- Episode no.: Series 1 Episode 1
- Directed by: Sam Donovan
- Written by: Jonathan Brackley and Sam Vincent
- Original air date: 14 June 2015
- Running time: 46 minutes

Episode chronology
| ← Previous — | Next → "Episode 2" |

= Episode 1 (Humans series 1) =

"Episode 1" is the first episode of the first series of Humans, a show based on Real Humans and co-produced by Channel 4 and AMC. It originally aired in the UK on 14 June 2015 and in the US on 28 June 2015. In this episode, Joe buys a "synth" (synthetic human) for his family, to his wife's horror. Meanwhile, George cannot bear to abandon his outdated synth Odi. The episode was watched live by 5.47 million people in the UK and 1.73 million people in the US. It received mostly positive reviews.

==Plot==
Joe Hawkins decides to buy an android called a synth to help take care of household responsibilities for his family, due to his wife Laura's constant work-related absences. He purchases a synth and his young daughter Sophie immediately becomes close friends with it, choosing to call it "Anita". Joe's son Toby is attracted to Anita, while Mattie, the eldest daughter, strongly dislikes it, fearing synthetic technology will soon render her education useless. Laura returns home and becomes angry at Joe for getting a synth without consulting her; she is afraid of them and becomes paranoid around Anita, especially when she continues to laugh at Joe's microchip joke.

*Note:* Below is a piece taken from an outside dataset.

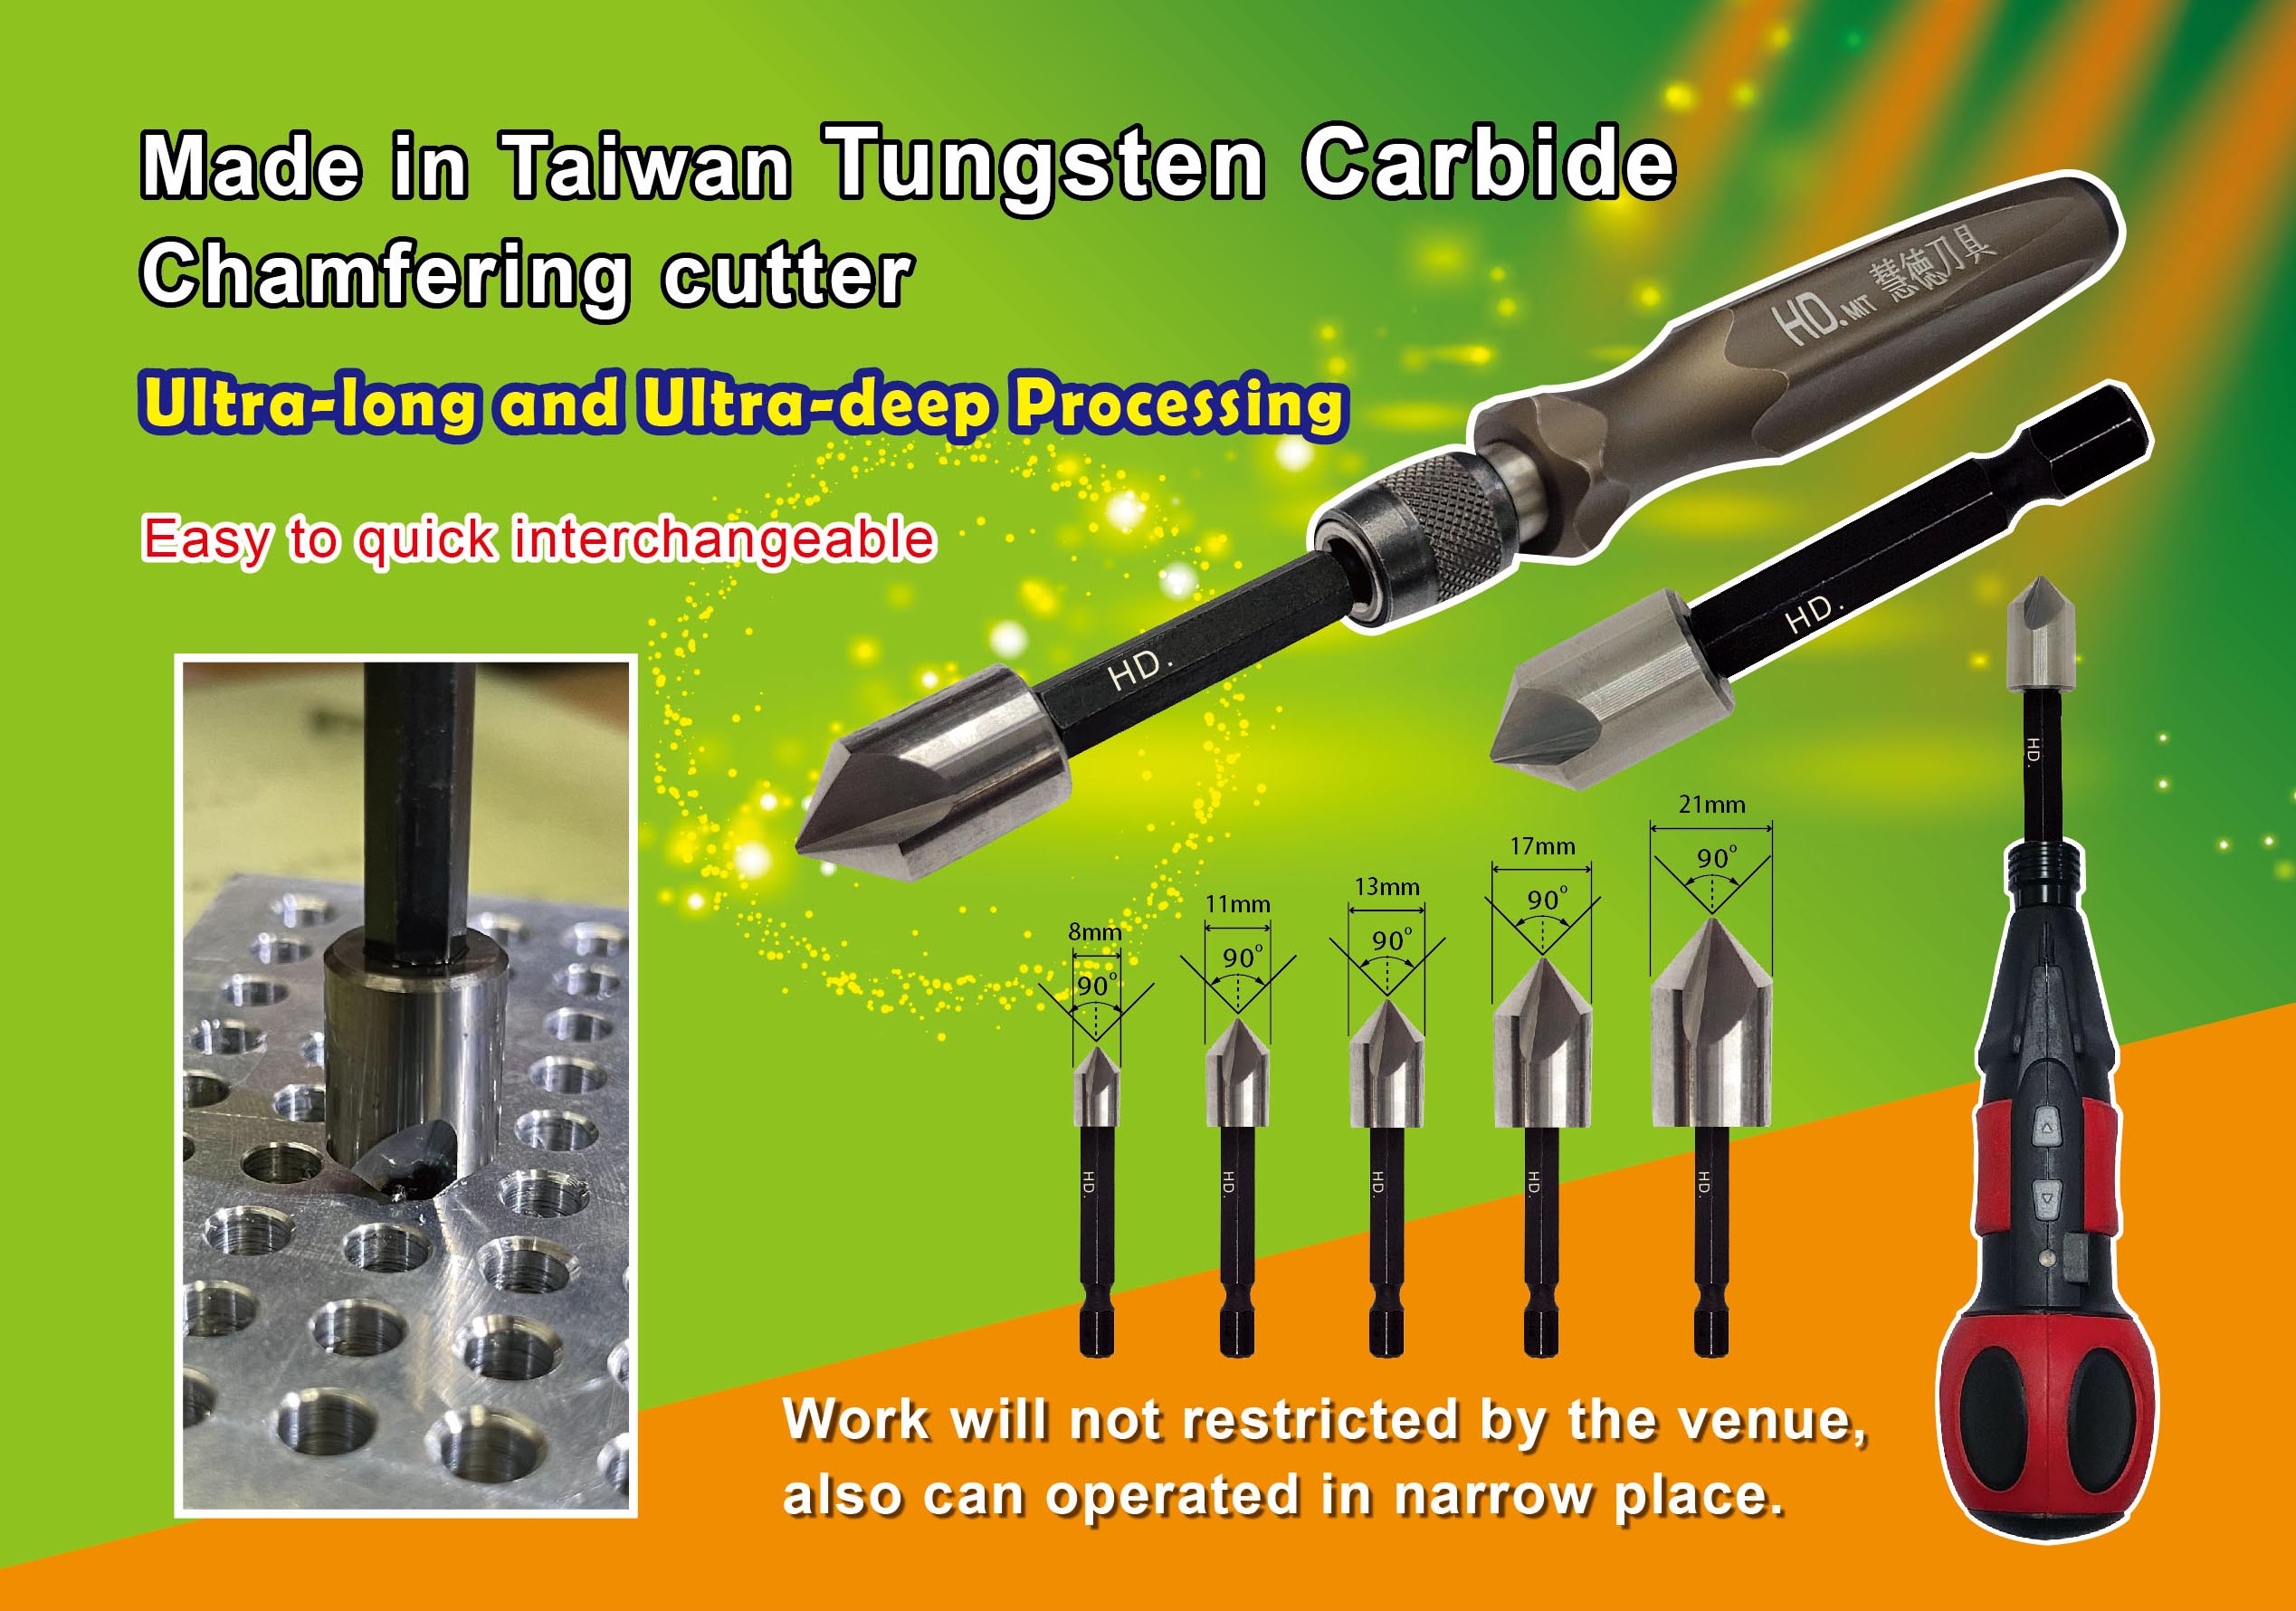 Made in Taiwan Tungsten Carbide Chamfering Cutter

At night, Laura finds Anita watching Sophie sleeping; she finds this disconcerting and firmly tells Anita that that is her job. Anita then goes outside and admires the stars, until Laura tells her to go back inside. She becomes suspicious about the android's query about the moon as well as her accidentally scalding her arm. Later, Anita watches Sophie sleeping again and is seen carrying the little girl out of the house and kissing her head into the night. A flashback shows the synth hiding out in a forest with Leo, Max and several other characters; everyone other than Leo and Max are captured and taken to London. One of their contacts in London, a synth, is taken in by Hobb for investigation.

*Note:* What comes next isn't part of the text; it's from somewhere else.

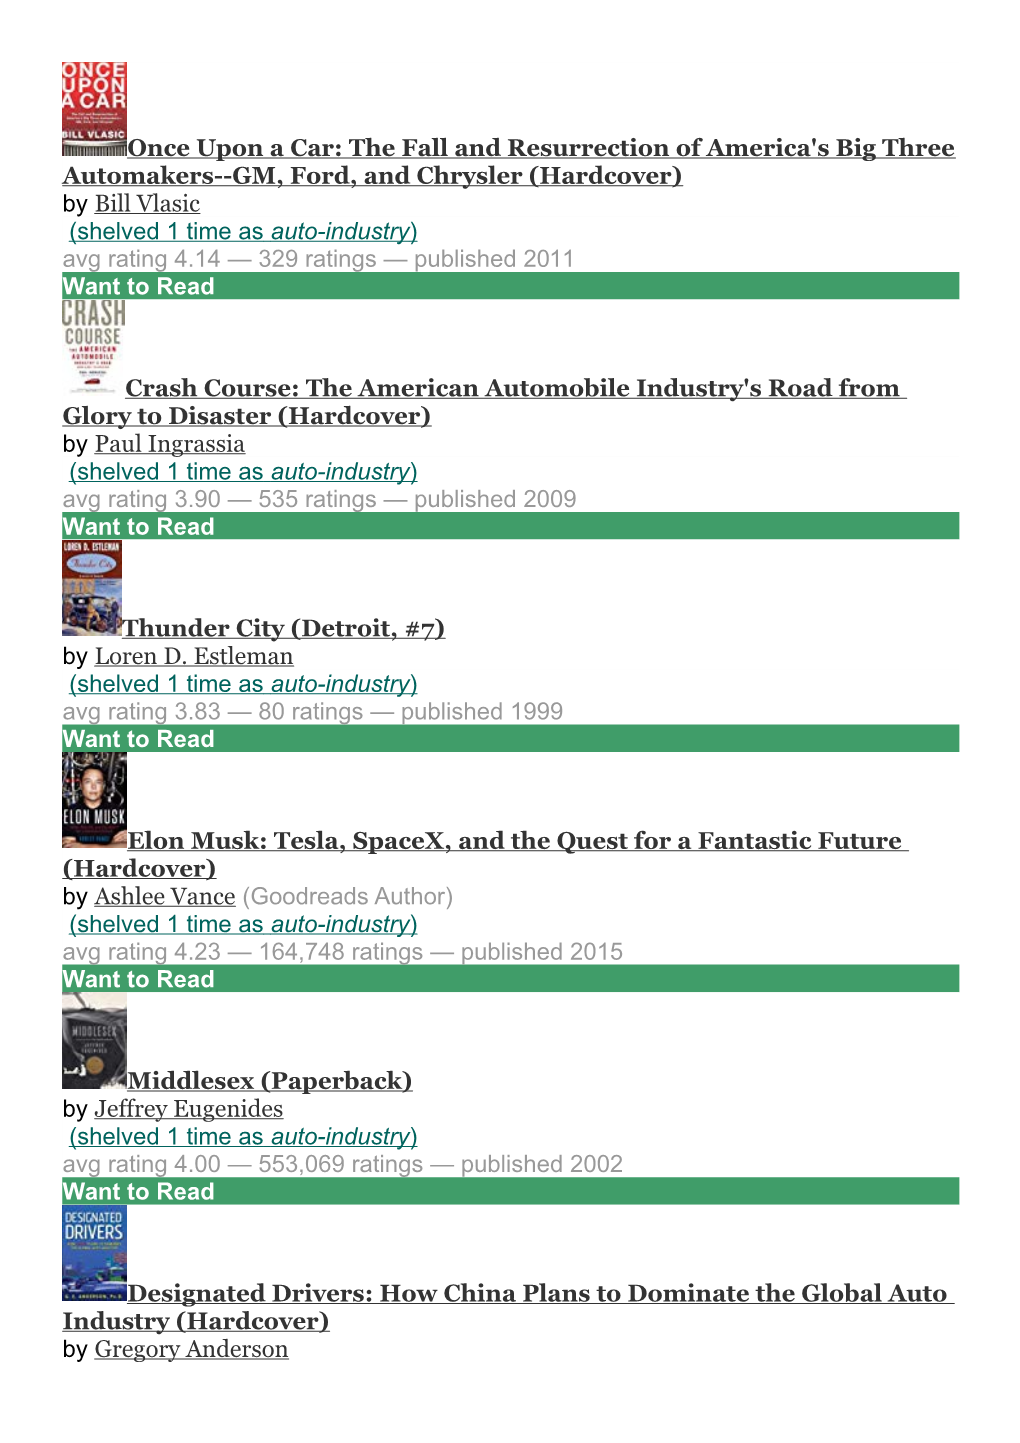 Popular Auto Industry Books

Leo tracks down one of the synths, a female synth called Niska now forced to work as a prostitute in a brothel. Leo advises her that he is planning to rescue her and the other synths that were captured. This inspires Niska to plan an escape from the brothel.

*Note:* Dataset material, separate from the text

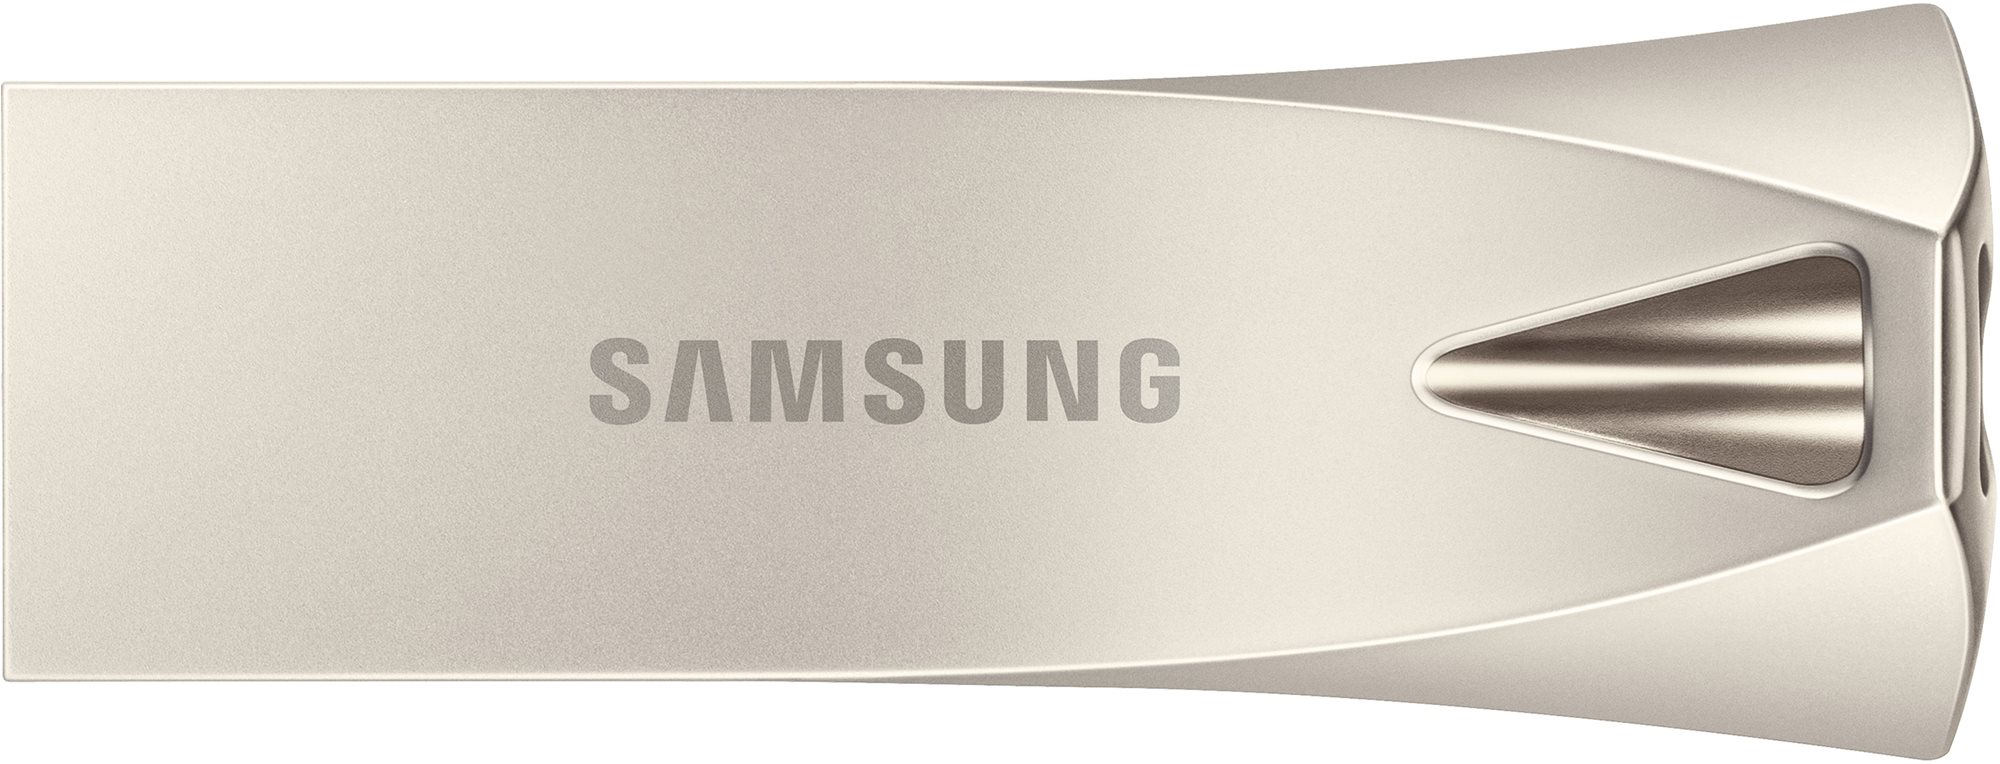 Pendrive Samsung USB 3.1 128GB Bar Plus Champagne Silver

Meanwhile, George's synth Odi malfunctions in a supermarket and injures a woman. DS Drummond comes to investigate and orders George to recycle Odi, as he is expirable, and glitchable. George is shown in his home talking to Odi, who recalls memories that George has been unable to since his stroke. He does not recycle him, even when a new synth called Vera arrives to take care of him. George dislikes Vera and resents her controlling nature.

==Reception==
===Ratings===
On 14 June 2015 in the UK, the episode garnered 5.465 million viewers on Channel 4 and 0.655 million viewers on its timeshift service. It was the highest-rated show on the channel that week. A total of 6.814 million viewers watched the show including recorded views. In the US, the episode aired on 28 June 2015 and received 1.73 million live viewers. Three days later, 2.5 million viewers in total had watched the episode.

===Reviews===
Brandon Nowalk of The A.V. Club gave the episode a B, describing most of the adaptation changes from Real Humans as "inexplicable" and the final scene as "a plea to please keep watching". Neil Midgley of Forbes said that the episode didn't "[reach] Blade Runner standards of greatness", but "offered a pretty good start". Midgley described it as "rather beautifully put together too", although he commented, "Humans wasn't perfect. Some of the dialogue needed declunking and, for me, the incidental music was a bit too obviously futuristic-spooky-woo-woo."

Morgan Jeffery of Digital Spy said that the pilot was a "remarkable success", praising the "comprehensively brilliant" cast and "plausible" world created by the writers. Matt Fowler of IGN rated the episode 7.6 out of 10, calling it "a good start" but noting that the show was "rushing into the A.I. territory at the expense of some of the excellent subtleties featured in the other stories". Neela Debnath of Express complimented the "convincingly creepy" acting, described the episode as a "less bleak" version of Black Mirror and said the series was "likely to do very well."